Illustration: Aïda Amer/Axios
Get everyone in the room: That's the new mantra for AI researchers, nervous about the potential for their technology to decimate jobs and perpetuate human biases. They're pulling in experts from every academic background, including seemingly incompatible ones, to help steer the course.
Driving the news: But sparks flew last evening in a star-studded on-stage conversation between prominent AI researcher Fei-Fei Li and celebrity author–philosopher Yuval Noah Harari. Li, who is behind an enormous multidisciplinary project at Stanford to inject human values into AI research, often calls for closer collaboration between disciplines. But she and Harari were frequently at odds on stage.
- From the outset, Harari opened fire: "We're seeing questions that used to be the bread and butter of the philosophy department being moved to the engineering department," he said. But while philosophers have the patience to debate them for thousands of years, engineers — and their investors — won't wait.
- "I'm very envious of philosophers now," Li lobbed back. "They can propose questions in crisis, but they don't have to answer them."
As the conversation turned to debate, Harari warned that AI is setting off an arms race worse than the Cold War — and it threatens to renew colonialism, he said. Li responded that international collaboration and cross-disciplinary efforts will save humans.
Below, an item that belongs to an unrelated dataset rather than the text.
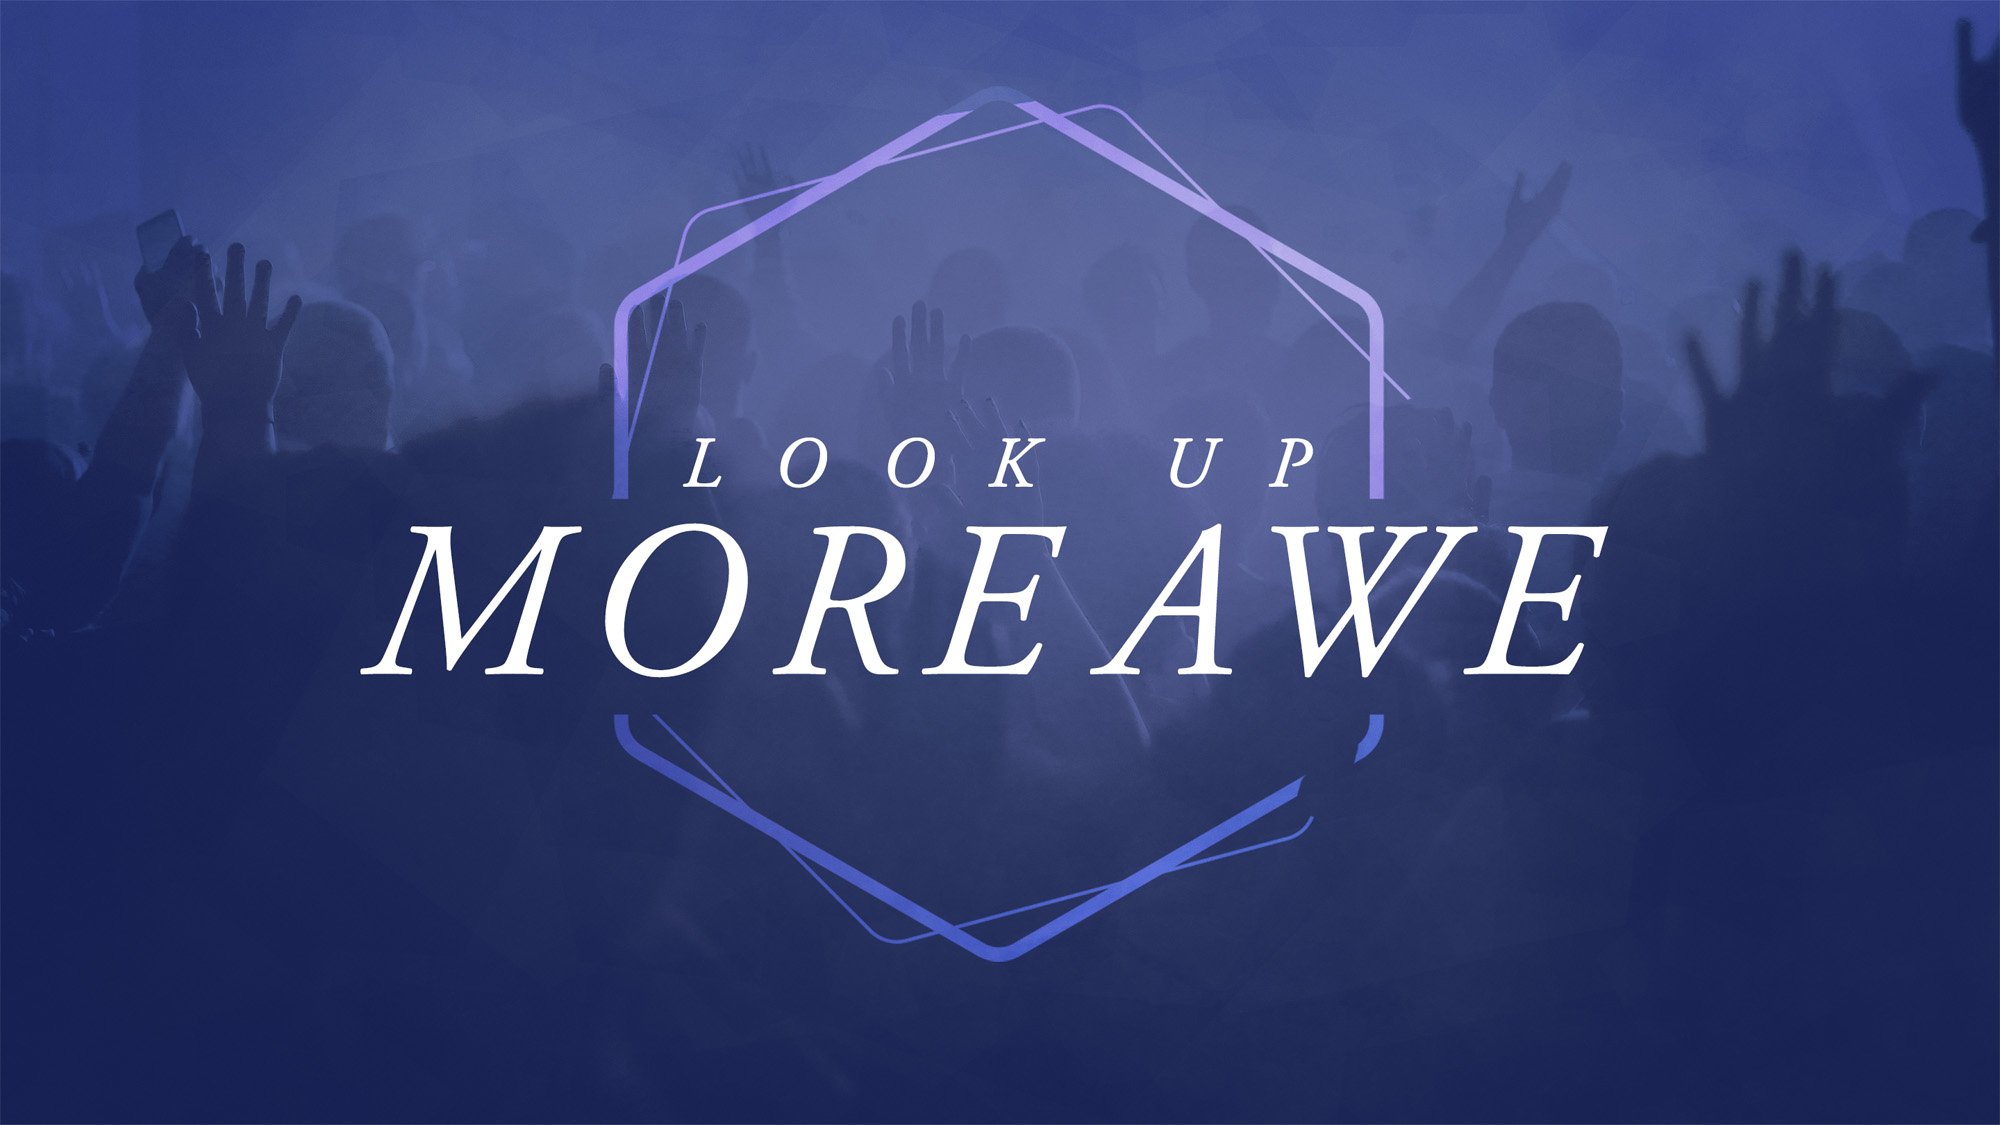 Look Up - More Awe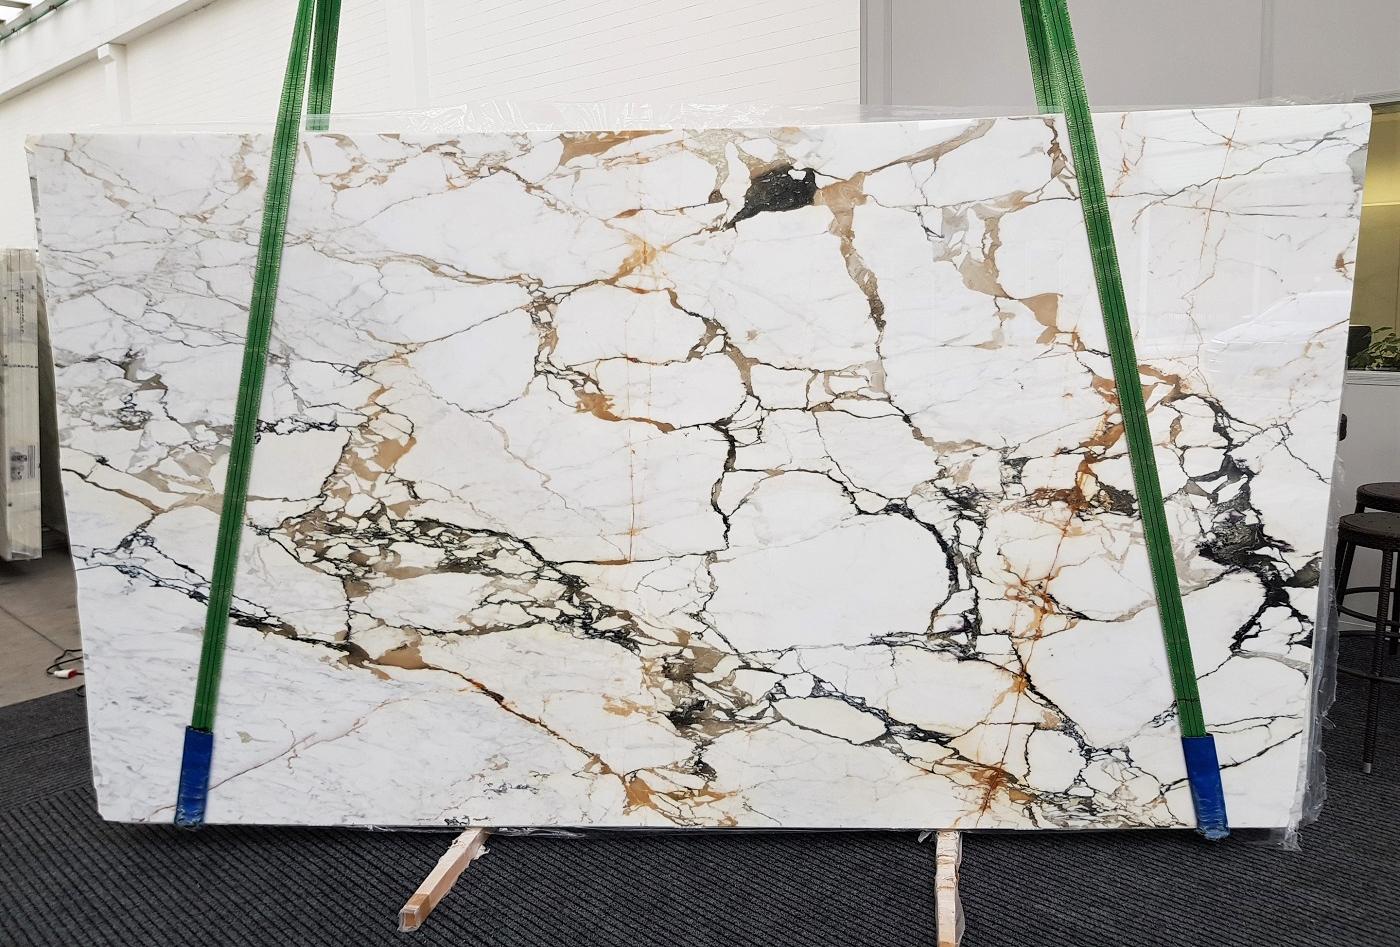 CALACATTA MACCHIAVECCHIA Suministro (Italia) de planchas pulidas en mármol natural GL 1131 , Bundle #7

What's going on: We've reported on how top universities and Big Tech are asking experts in ethics and the humanities for help directing big decisions. Whether they're listening remains to be seen.
- Several companies have published AI ethics guidelines, and Google convened a short-lived board for internal oversight. Critics argue that these self-policing measures are "ethics theater" rather than real guardrails.
- MIT, like Stanford, recently announced a $1 billion interdisciplinary center to study AI from every angle, with a focus on ethics.
The big picture: These efforts come with language barriers.
- Talking across academic fields is inherently difficult, says Nicole Coleman, an AI expert at Stanford Libraries.
- "Our disciplinary training within the academy is intended to circumscribe what you can talk about, who you can talk to, the language you can use," Coleman tells Axios. Every field has its own goals, approaches, and measures of success.